You are right, the relevant root is *ḥll*, not *hll*! My previous answer is correct as to Mahaodeh's question the way he put it but irrelevant to the question of the thread.


----------



## ThomasK

_Khalal_: space or cavity, you write, Tamar. Those words seem related but still: spacious and shut off ??? I suppose there is no contradiction as one could say they both refer to space in some form, but OK... 

And then: from that stem to playing the flute or desecrate ??? 

Maybe it is not so relevant, but any explanation is interesting to me. (I could imagine a link between holiness and cavities, rather than between holiness and space - although one could link holiness and wholeness, I once read, I believe --- But this is all very interesting !)


----------



## berndf

Tamar said:


> ...today we pronounce kh, but I think it could have been a ḥ in the past...
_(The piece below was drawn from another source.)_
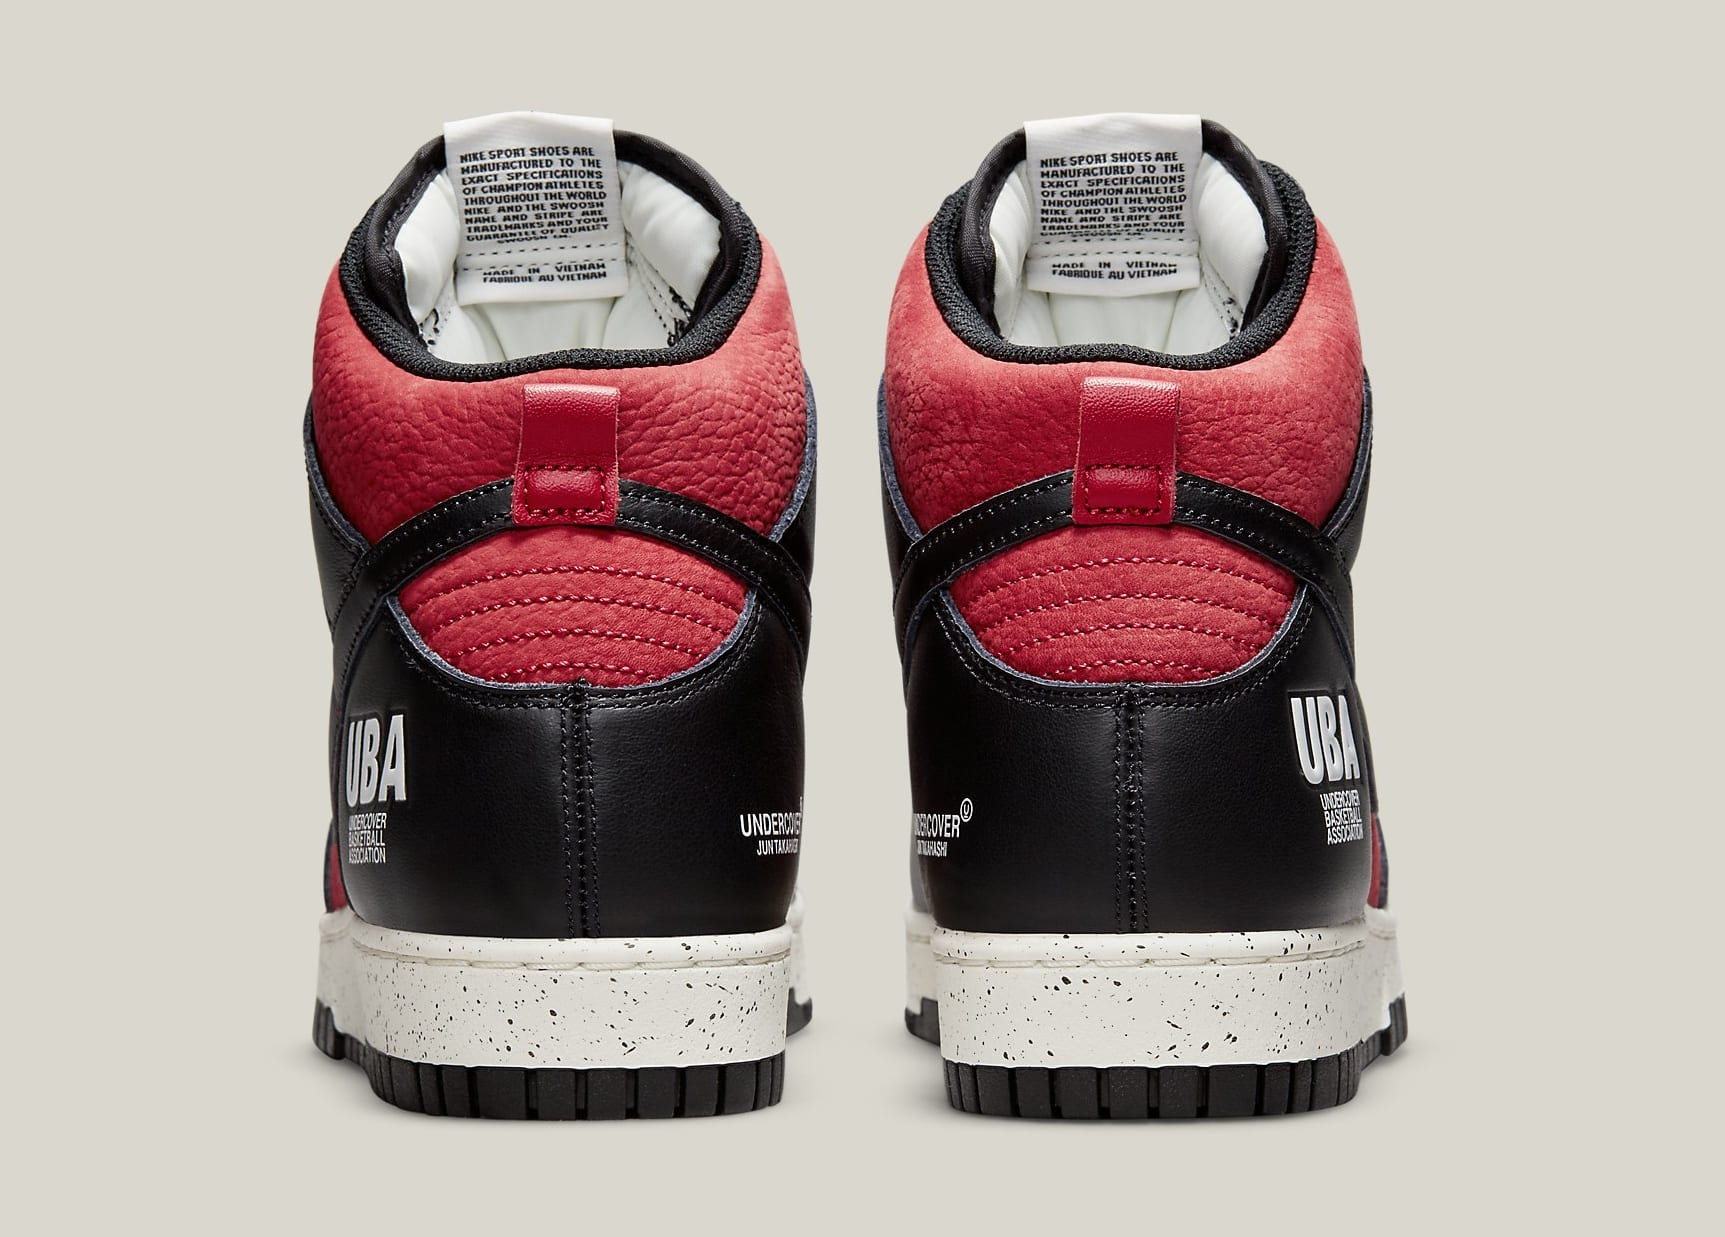 Undercover x Nike Dunk High 1985 'Gym Red' DD9401-600 Heel

Yes, Hebrew/Aramaic ח and Arabic ح (ḥ) are equivalent.


----------



## Tamar

> And then: from that stem to playing the flute or desecrate ???


 
I'm afraid so, I have no idea how that is...

The only thing here that seems to be somehow truely relevent is "to descrate" (the word khalal also means "dead person", although today mostly used to speak of a slodier who dies in combat or at a "military accident". It took me a while, but i've just realized that this has to do with the fact that "khalal" is space...).

Oh! maybe the meaning of playing the flute comes from the noun חליל [khalil] "flute" (and maybe [khalil] is because it's חלול [khalul] hollow?) 
This is a very nice guessing game...

I can't think of a connection between holiness and the rest, nor can I find anything online


----------



## berndf

ThomasK said:


> _Khalal_: space or cavity, you write, Tamar. Those words seem related but still: spacious and shut off ??? I suppose there is no contradiction as one could say they both refer to space in some form, but OK...


This is not related. Arabic ح (ḥ) and خ (kh) merged* in *ancient* Hebrew to ח (ḥ). This explains the completely unrelated meanings of חלל .חלל = space or cavity is in Arabic خلل (khalal) and not حلل (ḥalal).

------------------
*N.B.: this has nothing to do with the *modern* Hebrew merger of the pronunciations of ח (Khet) and כ (Khaf=Kaf without Dagesh).


----------



## CapnPrep

This third root is listed in AHD as *ḫll* with the meaning "to pierce". The Hebrew example they give is _challah_, maybe because the bread was "perforated". Arabic _al ḫilāl_ is the origin of Spanish _alfiler_ "pin".

Like berndf said, nothing to do with "halal", which has nothing to do (etymologically) with "holy", based on the available evidence. As for guessing games, the sky's the limit — or the moderators' patience, whichever falls first.


----------



## Tamar

Thanks brendf!


----------



## berndf

CapnPrep said:


> The Hebrew example they give is _challah..._


I doubt a relationship there. That Shabbath bread is חַלָּה, with one long lamed (indicated by the dot in לּ), not with two lameds. In this respect _challah_ is a misleading transcription.


----------



## CapnPrep

In addition to the AHD, many other sources propose the same etymology for _challah_. As always, it's just a hypothesis. I don't know how they explain the missing/geminate lamed, but I'm sure they are aware of it.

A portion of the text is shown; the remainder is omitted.